2. Concernant les modalités des négociations sur l'accès au marché des biens industriels et autres produits non agricoles, les négociateurs à Genève invitent les ministres à trancher entre les deux approches qui les opposent: l'une, plus ambitieuse, vise des réductions tarifaires sectorielles obligatoires, voire l'élimination, tandis que l'autre privilégie une formule de réductions tarifaires plus modestes avec seulement une composante sectorielle volontaire.
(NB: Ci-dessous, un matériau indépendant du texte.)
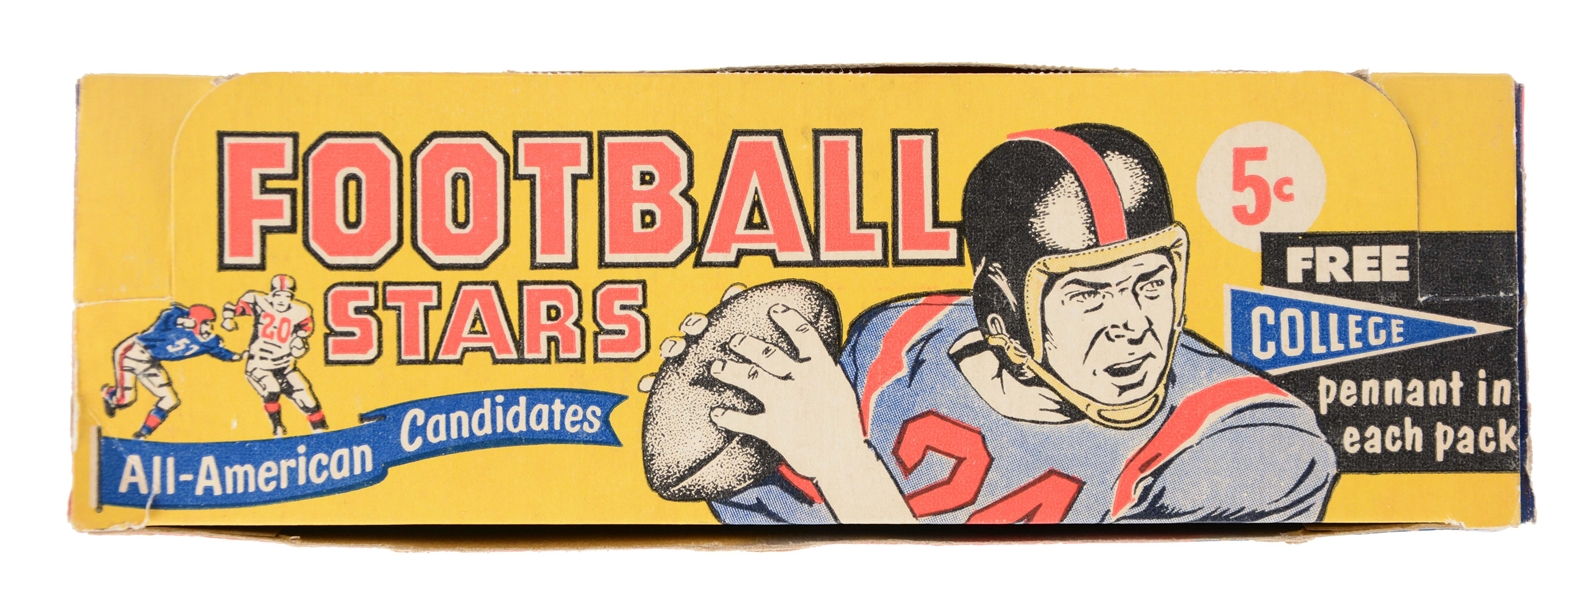 1961 NU CARD SCOOPS UNOPENED FOOTBALL BOX.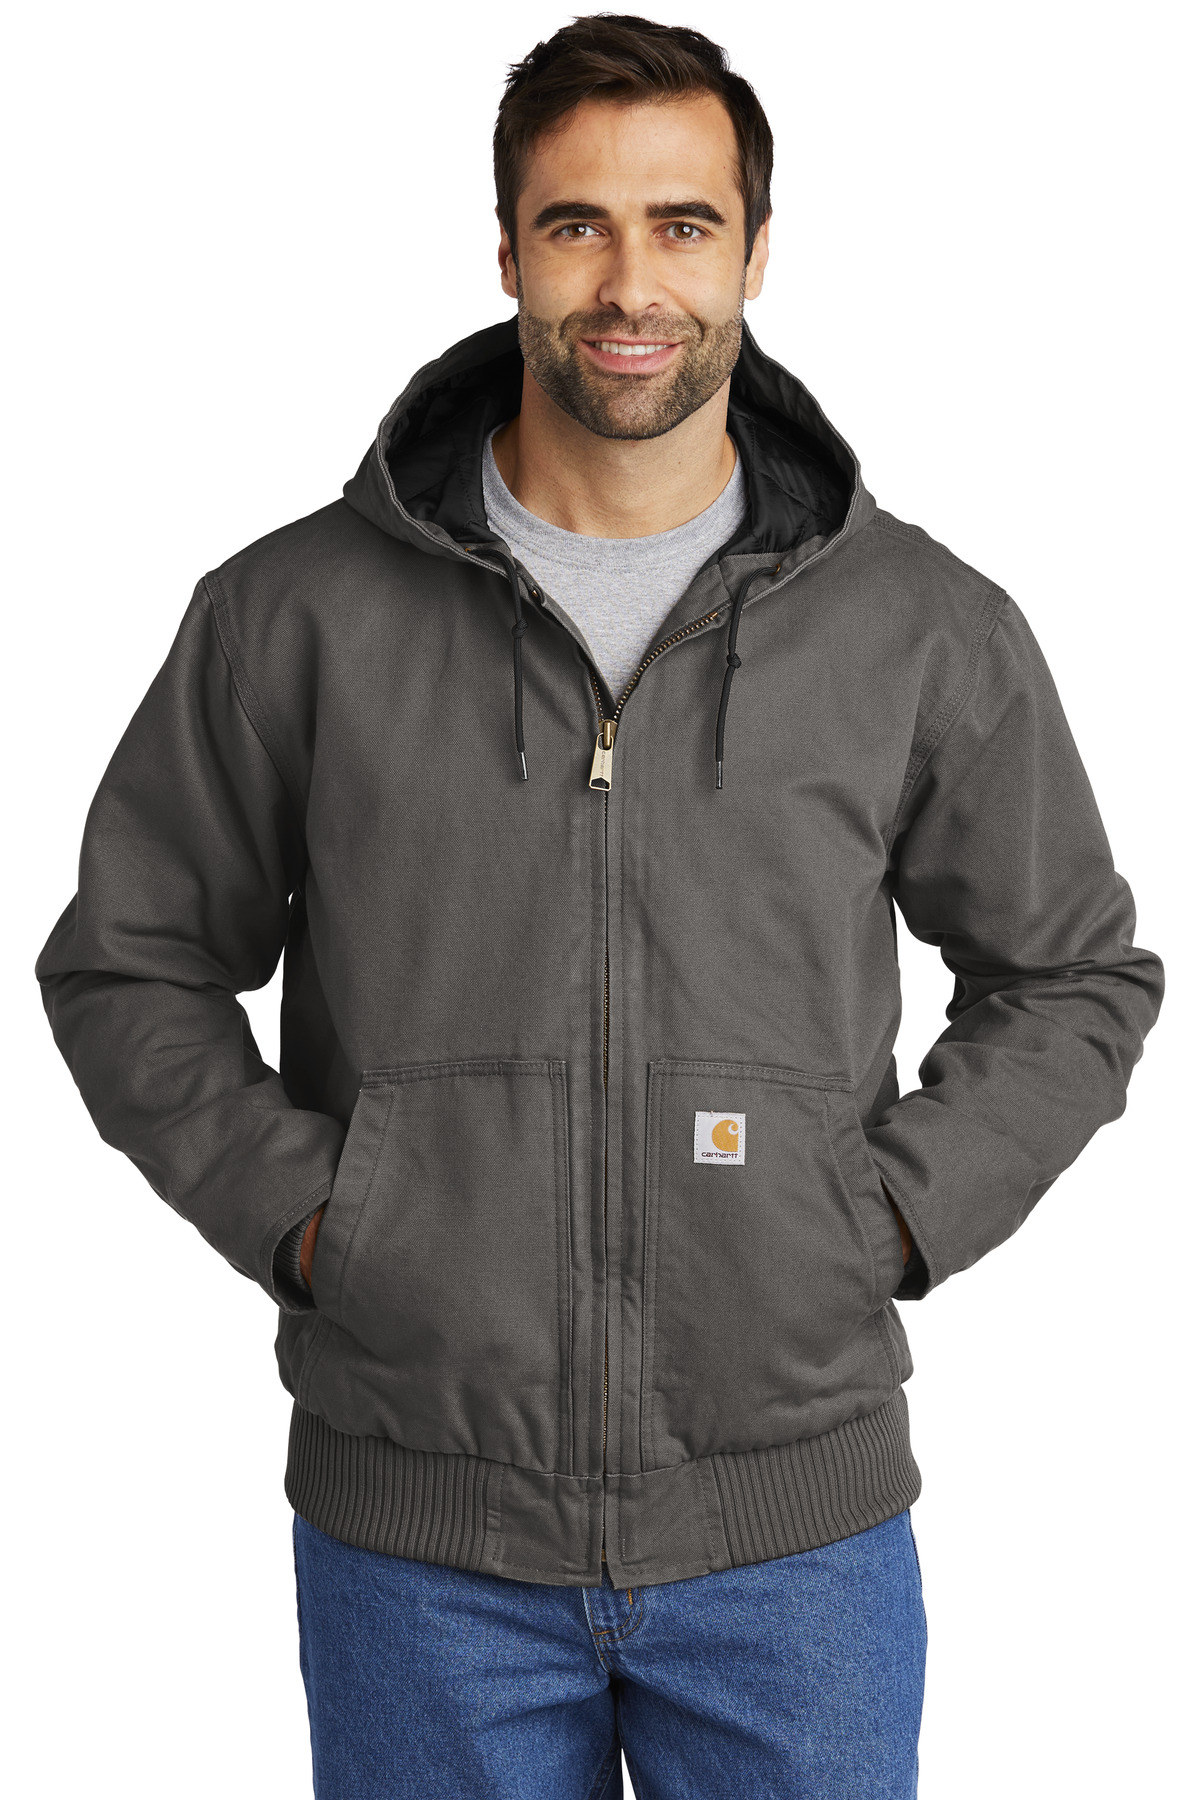 Carhartt ® Washed Duck Active Jac. CT104050 Custom Embroidered ...

Là, ce sont en résumé la plupart des PVD qui s'opposent aux coupes « radicales » visées par les pays industrialisés.
3. Les questions dites de Singapour (investissement, concurrence, marchés publics, facilitation des échanges) requièrent quant à elles une décision « explicitement consensuelle » sur les « modalités des négociations ». Et le problème, c'est précisément l'absence de consensus: en l'occurrence, les uns, Européens en tête, veulent que le coup d'envoi soit donné aux négociations, tandis que leurs opposants, toujours menés d'un pas ferme par l'Inde, insistent pour poursuivre le travail analytique à Genève.
4. Les discussions sur les modalités du traitement spécial et différencié promis aux pays en développement ont en revanche progressé même si certains de ces pays promettent de batailler ferme pour étoffer le paquet soumis pour adoption à Cancun, tandis que sur les problèmes qu'ils rencontrent dans la mise en œuvre des accords issus du cycle d'Uruguay, les divergences de vues restent « significatives ».
A ce menu déjà indigeste, s'ajoutent quelques demandes « soulevées vers la fin du processus à Genève », en particulier l'initiative africaine sur le coton (voir nouvelle suivante) et la délicate décision à prendre pour clarifier les échéances, notamment pour la fin du Cycle. Un cycle qu'il serait peut-être intéressant de prolonger, signalent certains des interlocuteurs de l'UE, devenus les plus difficiles mais également incontournables, comme le Brésil, ou encore l'Inde qui n'a finalement pas grand-chose à gagner à faire des concessions à Cancun alors que se profilent les élections fédérales de 2004.